Kafka Producer Basics: Send, Ack, Batch, Compression (2026)

The producer serializes records on the application thread, picks a target partition via the partitioner, buffers them in the RecordAccumulator, and lets a Sender thread batch them and ship them to the broker. Understanding this end-to-end flow and the role of each setting makes both exam prep and real-world tuning much easier.

This article focuses on stable concepts in line with the official documentation. It avoids version-dependent defaults and instead concentrates on the effects of each setting and the trade-offs involved.

End-to-End View of the Send Flow

The producer's main path is: serialization → partitioning → buffering (RecordAccumulator) → sending (Sender thread) → ACK → callback. The application-side send call is typically non-blocking and the actual delivery happens in the background.

Batches are built per topic-partition and are flushed by either size (batch.size) or time (linger.ms). Compression is applied per batch, so batching and compression.type should be tuned together for the best throughput efficiency.

Responses come back according to the acks setting, and on failure the producer retries within the bounds of retries, backoff, and delivery.timeout.ms. Ordering guarantees depend heavily on max.in.flight.requests.per.connection and whether idempotence is enabled.

Serializer: key.serializer and value.serializer convert records to byte arrays
Partitioner: chooses the destination partition from the key (without a key, the load is balanced across partitions)
RecordAccumulator: groups records of the same topic-partition into batches
Sender thread: wraps batches into Produce requests and sends them to brokers
ACK and callback: success or failure is reported via onCompletion

Producer send path (conceptual)

Minimal example (synchronous send to make the behavior visible)
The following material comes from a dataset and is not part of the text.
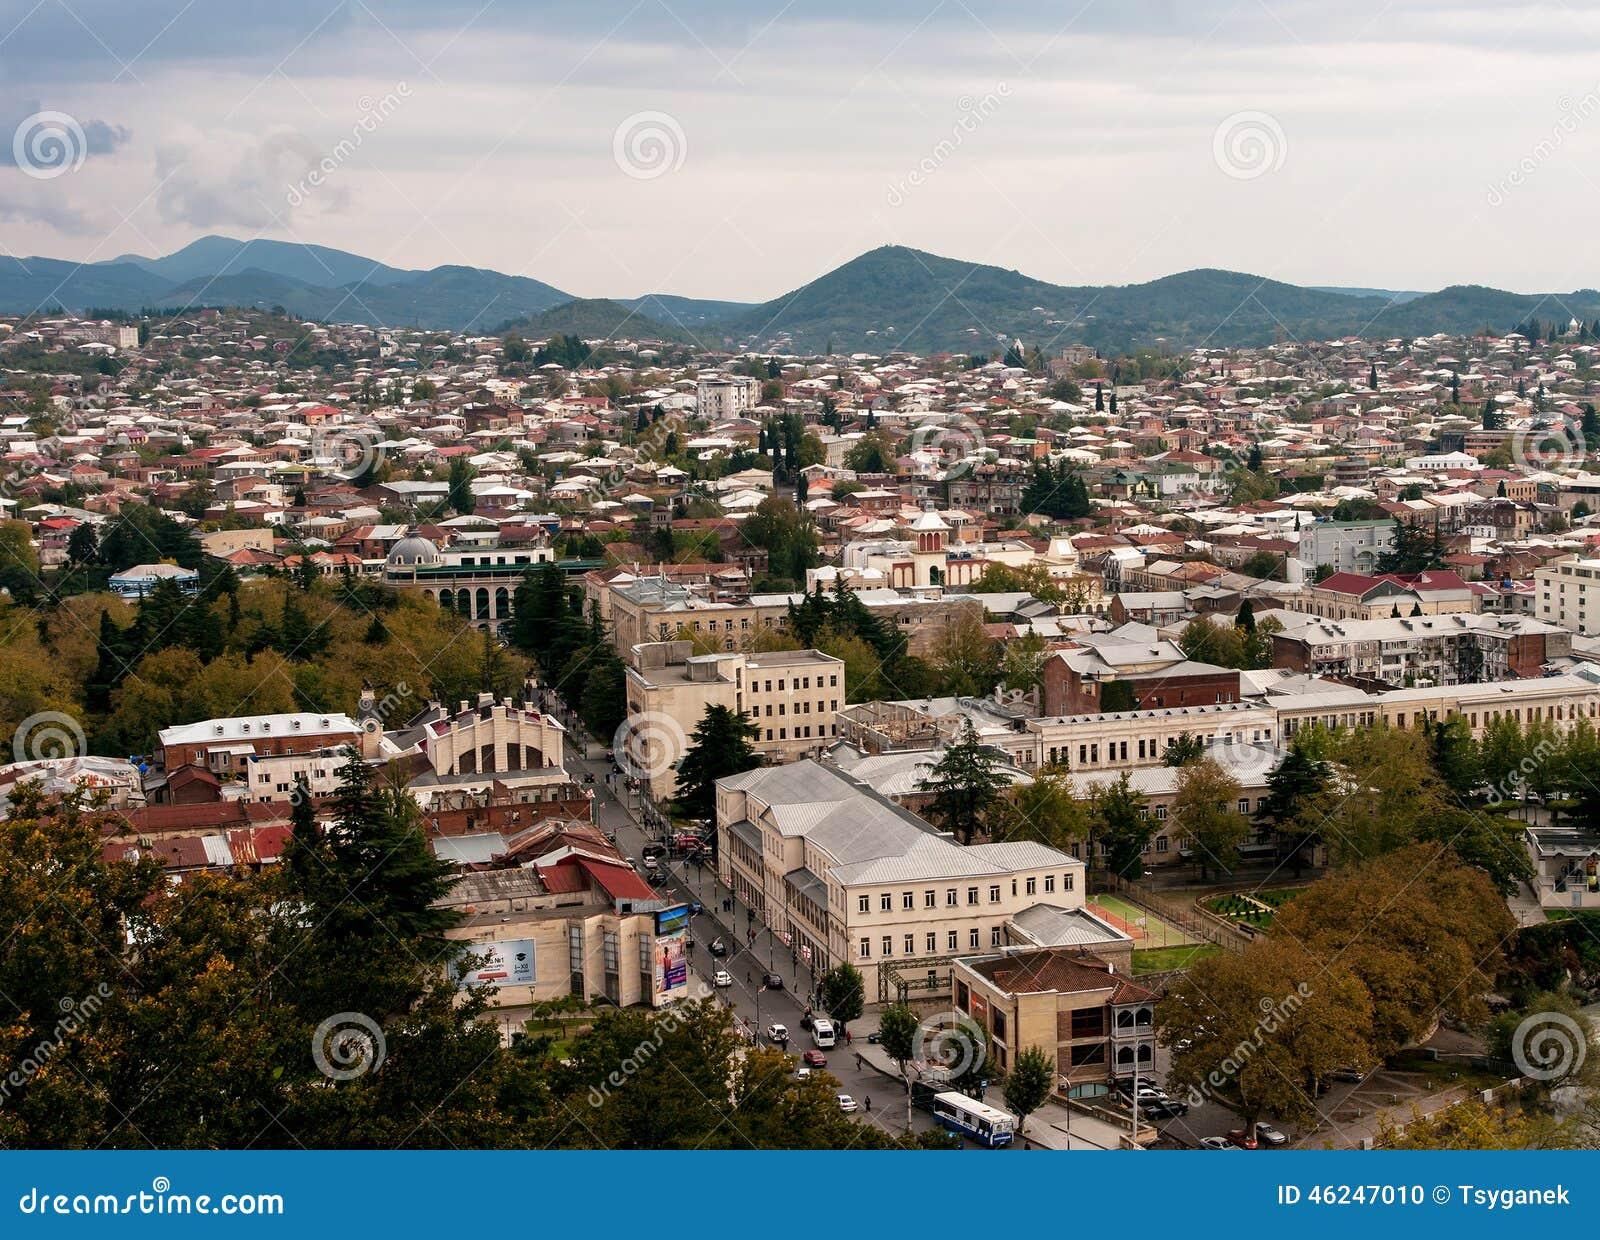 Kutaisi georgia country stock photo image of school for Georgia fotos

Properties p = new Properties();
p.put(ProducerConfig.BOOTSTRAP_SERVERS_CONFIG, "localhost:9092");
p.put(ProducerConfig.KEY_SERIALIZER_CLASS_CONFIG, org.apache.kafka.common.serialization.StringSerializer.class.getName());
p.put(ProducerConfig.VALUE_SERIALIZER_CLASS_CONFIG, org.apache.kafka.common.serialization.StringSerializer.class.getName());
try (KafkaProducer<String, String> producer = new KafkaProducer<>(p)) {
    ProducerRecord<String, String> rec = new ProducerRecord<>("orders", "order-1", "payload");
    RecordMetadata md = producer.send(rec).get(); // synchronous confirmation for learning purposes
    System.out.printf("topic=%s partition=%d offset=%d%n", md.topic(), md.partition(), md.offset());
}

Batching and Throughput Tuning

The producer builds batches per topic-partition. batch.size sets the upper limit per batch in bytes, while linger.ms makes the producer wait for additional records to fatten the batch when there are not enough to send right away. The standard recipe for high throughput is a non-trivial linger.ms, a suitable batch.size, and an enabled compression.type.

Of course, adding wait time increases end-to-end latency. For latency-sensitive workloads, keep linger.ms small and only wait modestly at low rates. Balance against the SLA, network, and CPU cost.

batch.size is per partition, so memory usage scales with the number of partitions being produced to
compression.type can be gzip, snappy, lz4, or zstd. Pick one with a clear understanding of the CPU vs. compression ratio trade-off
buffer.memory caps the total in-flight buffer. When full, send blocks for up to max.block.ms, then throws TimeoutException
Small messages plus a few milliseconds of linger.ms plus compression often yields a large jump in network efficiency

Typical batch-oriented configuration (excerpt)

Properties p = new Properties();
p.put(ProducerConfig.BOOTSTRAP_SERVERS_CONFIG, "broker:9092");
p.put(ProducerConfig.KEY_SERIALIZER_CLASS_CONFIG, org.apache.kafka.common.serialization.ByteArraySerializer.class.getName());
p.put(ProducerConfig.VALUE_SERIALIZER_CLASS_CONFIG, org.apache.kafka.common.serialization.ByteArraySerializer.class.getName());
// Fatten the batches
p.put(ProducerConfig.BATCH_SIZE_CONFIG, 64 * 1024);       // Start measuring around 64 KiB
p.put(ProducerConfig.LINGER_MS_CONFIG, 5);                // Start near 5 ms and tune to the SLA
p.put(ProducerConfig.COMPRESSION_TYPE_CONFIG, "lz4");    // A good balance of low latency and compression ratio
// Buffer management
p.put(ProducerConfig.BUFFER_MEMORY_CONFIG, 64L * 1024 * 1024); // Total buffer cap
p.put(ProducerConfig.MAX_BLOCK_MS_CONFIG, 30_000);             // Maximum time send is allowed to block

Reliability and Retry Control (acks, retries, delivery.timeout.ms)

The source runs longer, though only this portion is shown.